The important step of tree pruning is to define a criterion be used to determine the correct final tree size using one of the following methods:		
- Use a distinct dataset from the training set (called validation set), to evaluate the effect of post-pruning nodes from the tree.
- Build the tree by using the training set, then apply a statistical test to estimate whether pruning or expanding a particular node is likely to produce an improvement beyond the training set.
    - Error estimation
    - Significance testing (e.g., Chi-square test)
    
## Super Attributes

The information gain equation, $G(T,X)$ is biased toward attributes that have a large number of values over attributes that have a smaller number of values. These ‘Super Attributes’ will easily be selected as the root, resulted in a broad tree that classifies perfectly but performs poorly on unseen instances. We can penalize attributes with large numbers of values by using an alternative method for attribute selection, referred to as Gain Ratio.

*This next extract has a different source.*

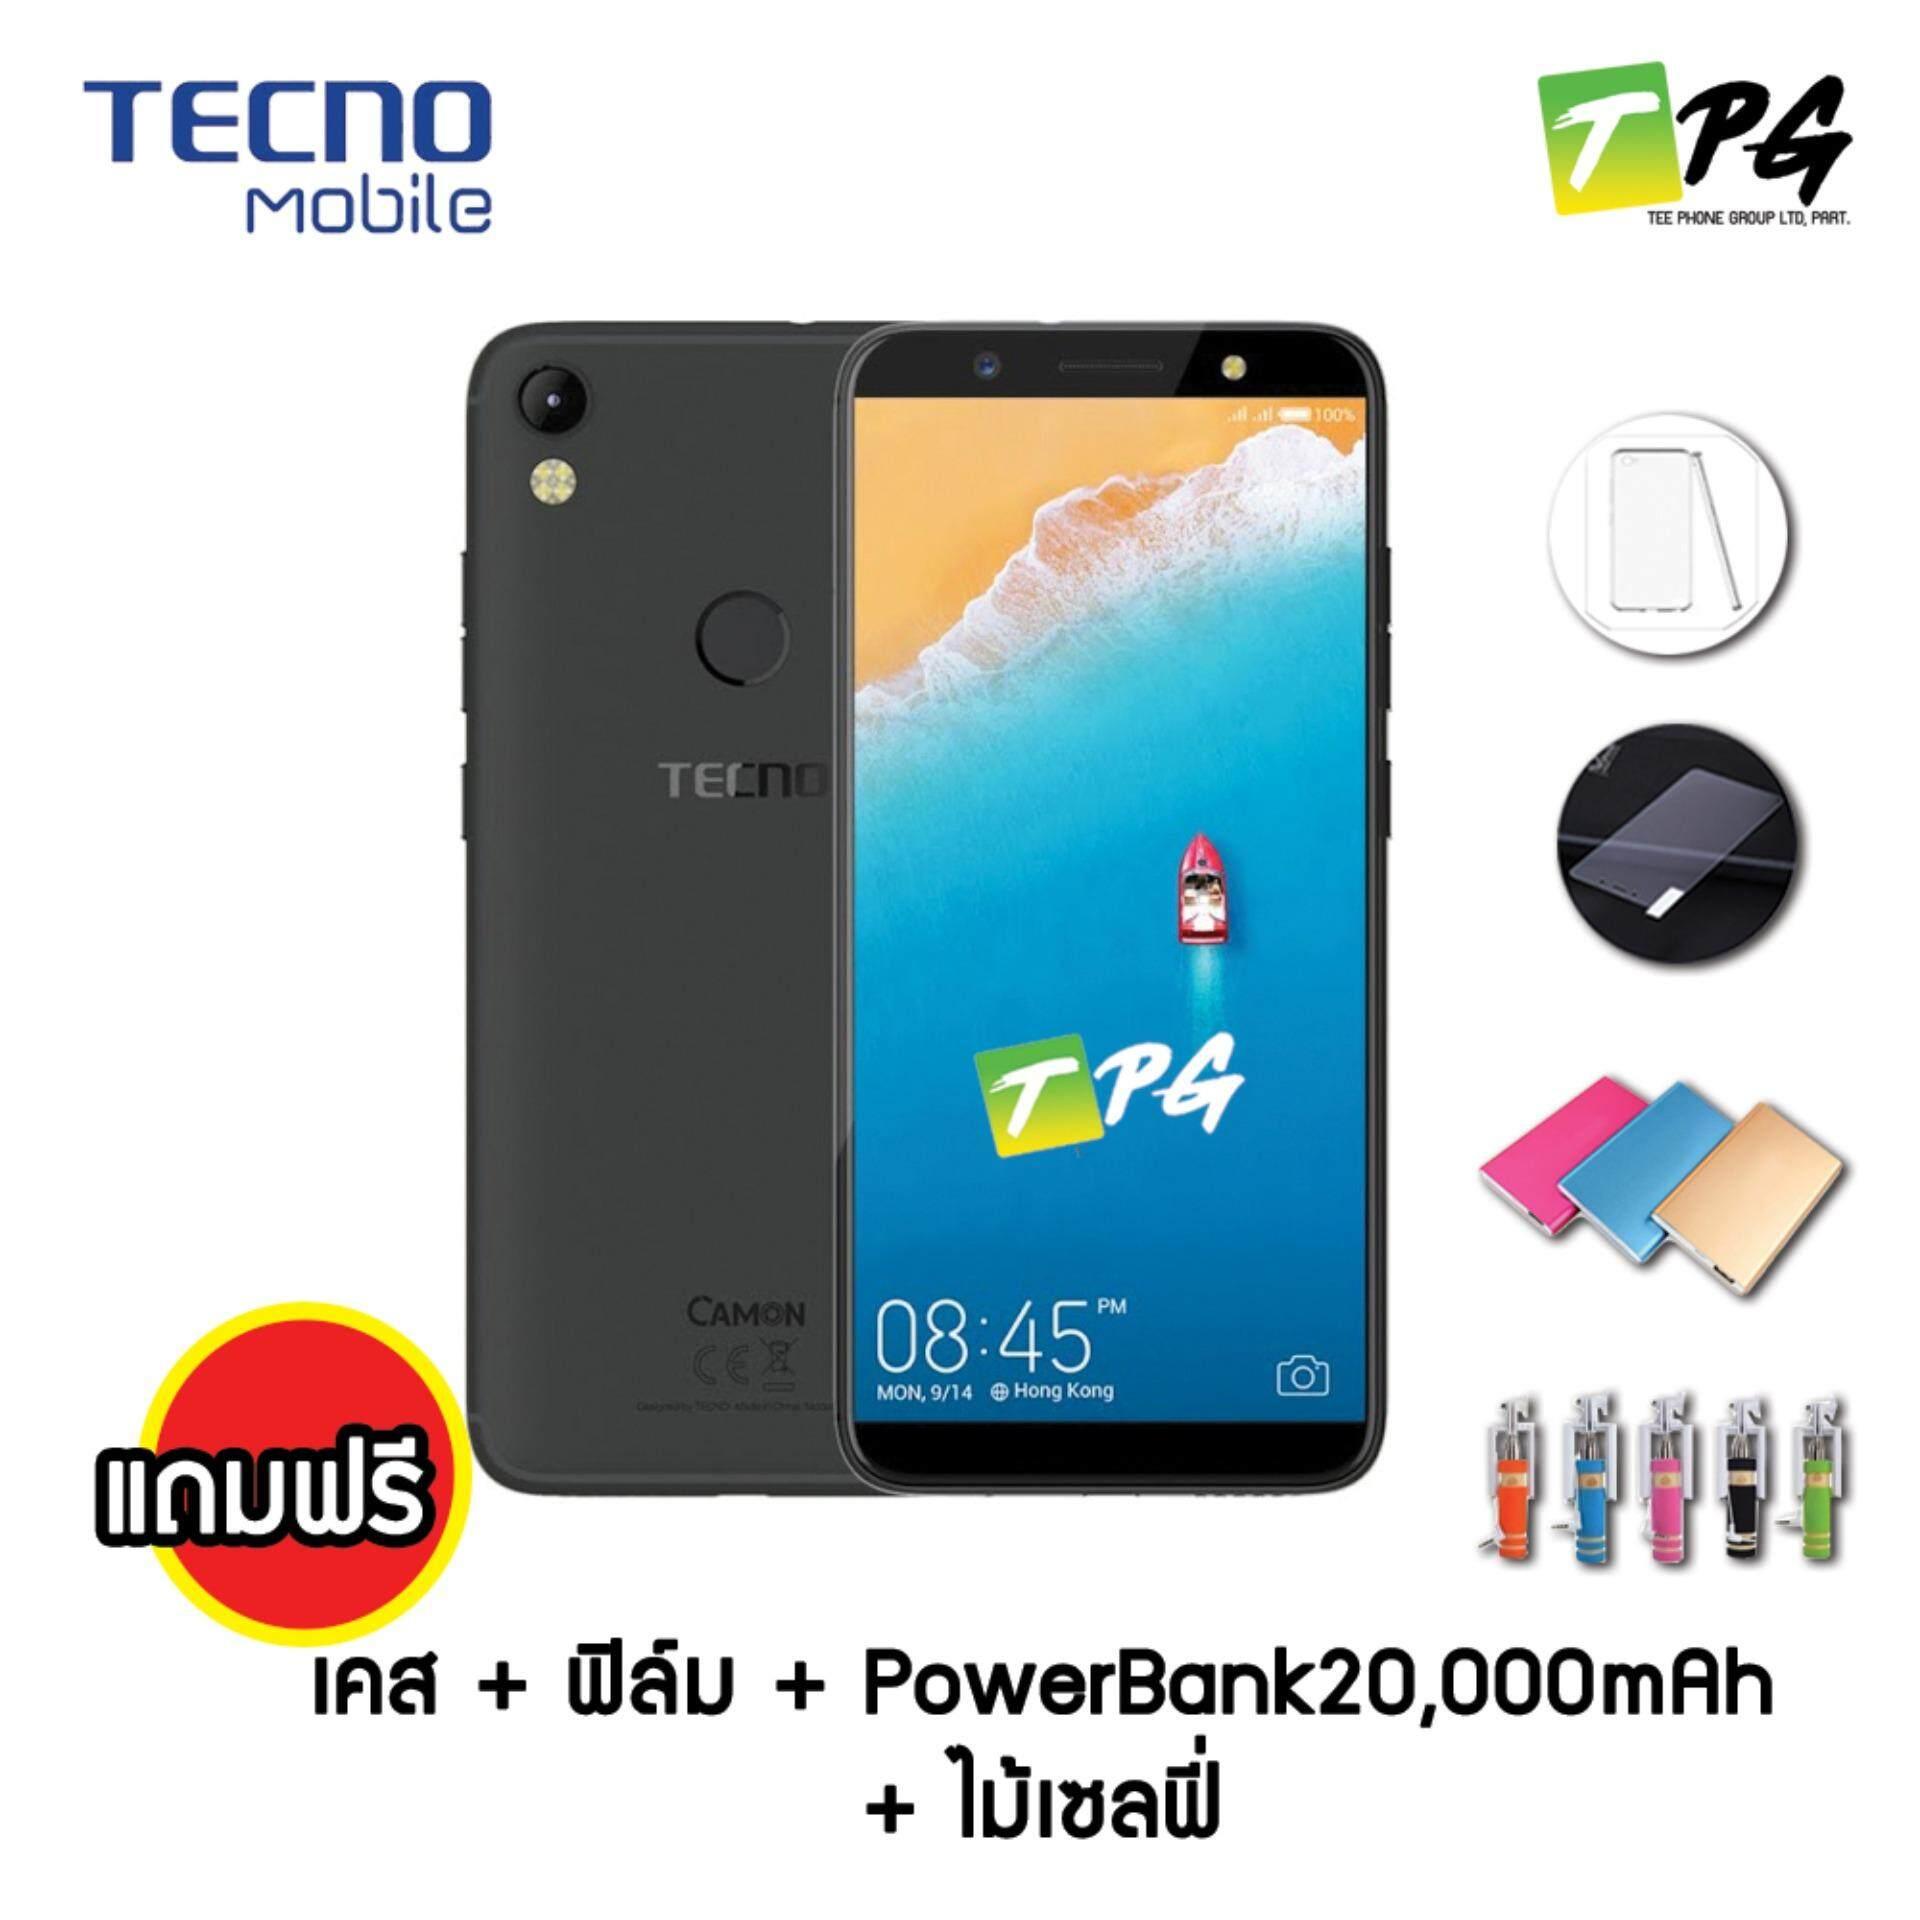 TECNO CAMON CM 2018 (3/32GB)ศูนย์ไทย สี Black เคส+ฟิล์ม+PowerBank20,000mAh+ไม้เซลฟี่

![Step 4](images/super_attr.png)

## Ensembles

*Ensemble Methods* combine multiple machine learning algorithms to obtain better predictive performance. The idea is simple: run multiple models on the data and use their predictions to make a prediction that is better than any of the models could do alone.

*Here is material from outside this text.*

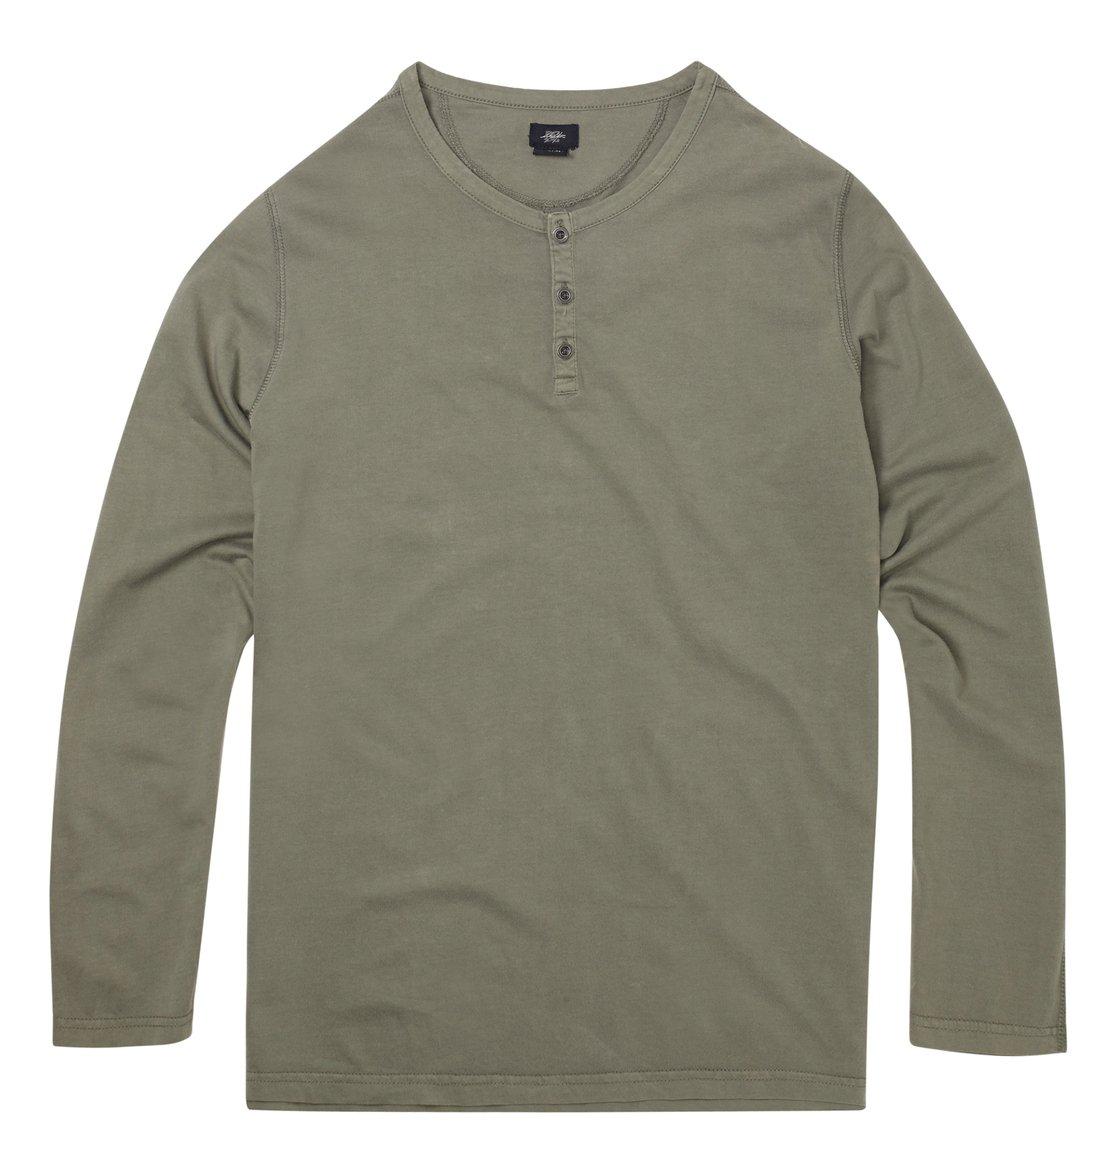 Men's Chris Cole Crescent Henley Shirt

In the case of decision trees, we extend this cognate to Random Forests


## Bagging

Bagging (developed by late Berkeley prof Leo Breiman), also known as *bootstrap aggregating*, is for running multiple models in parallel (the models don't use each other's results in order to predict). Each model gets a vote on the final prediction. The majority vote (again determined by a user-set parameter) is what is reported from the bagged model. Bagging is intended to address the problem of sample bias by enabling the model to capture bias within the training sample itself.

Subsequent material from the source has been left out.